Изменить стиль страницы

4

Рассвет застал Родионову в воздухе, на высоте трехсот метров над расположением вражеских войск. На этот раз с ней летела штурман Надя Чесных, строгая и смелая тридцатилетняя женщина.

Дочь и мужа, рабочего металлургического завода, она оставила в тылу и сама, в полном смысле этого слова, удрала на фронт. В своем родном городе работала в аэроклубе. Надя Чесных — первая в полку — получила орден Ленина за образцовое выполнение ответственного задания.

В 1942 году зимой, в качестве связной, она прилетела в партизанский отряд, но в течение двух недель не могла вылететь обратно из-за поломки лыж самолета на плохо укатанной полосе.
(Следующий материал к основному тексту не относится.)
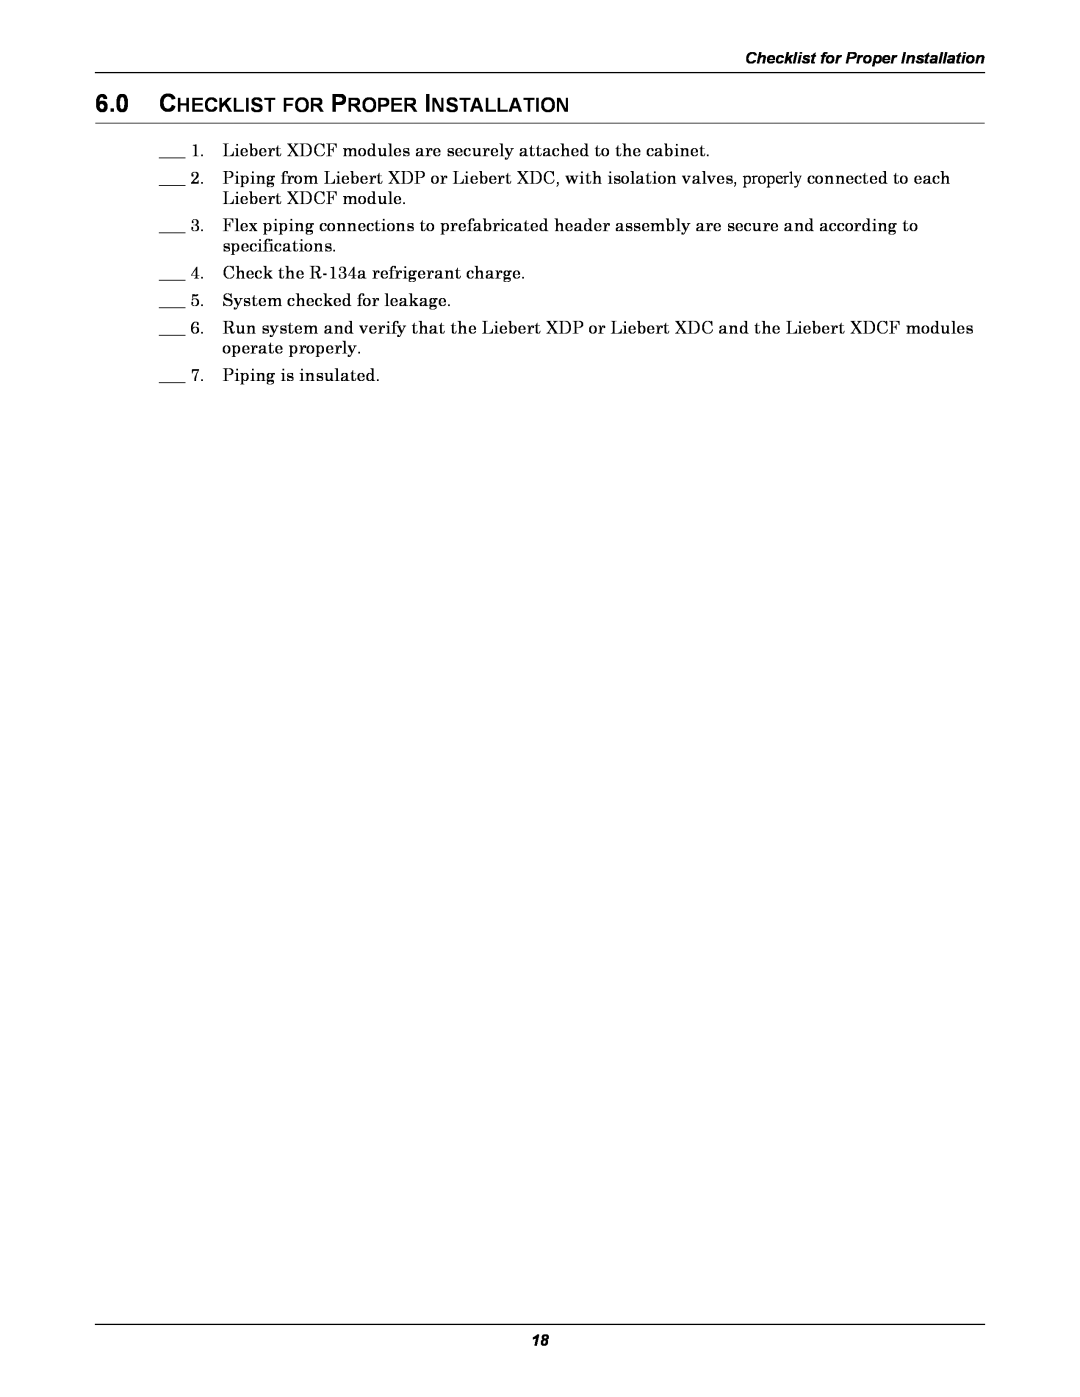 Emerson XDCF user manual Checklist For Proper Installation

Пока происходил ремонт лыж, Чесных несколько раз с автоматом в руках принимала участие в партизанских вылазках. В бою с немецкими карателями вражеская пуля ранила ее в плечо. Добравшись до партизанских землянок, она перевязала рану и на следующий день улетела. О ранении так никто и не узнал в отряде, и только у себя в полку она несколько дней пролежала в лазарете.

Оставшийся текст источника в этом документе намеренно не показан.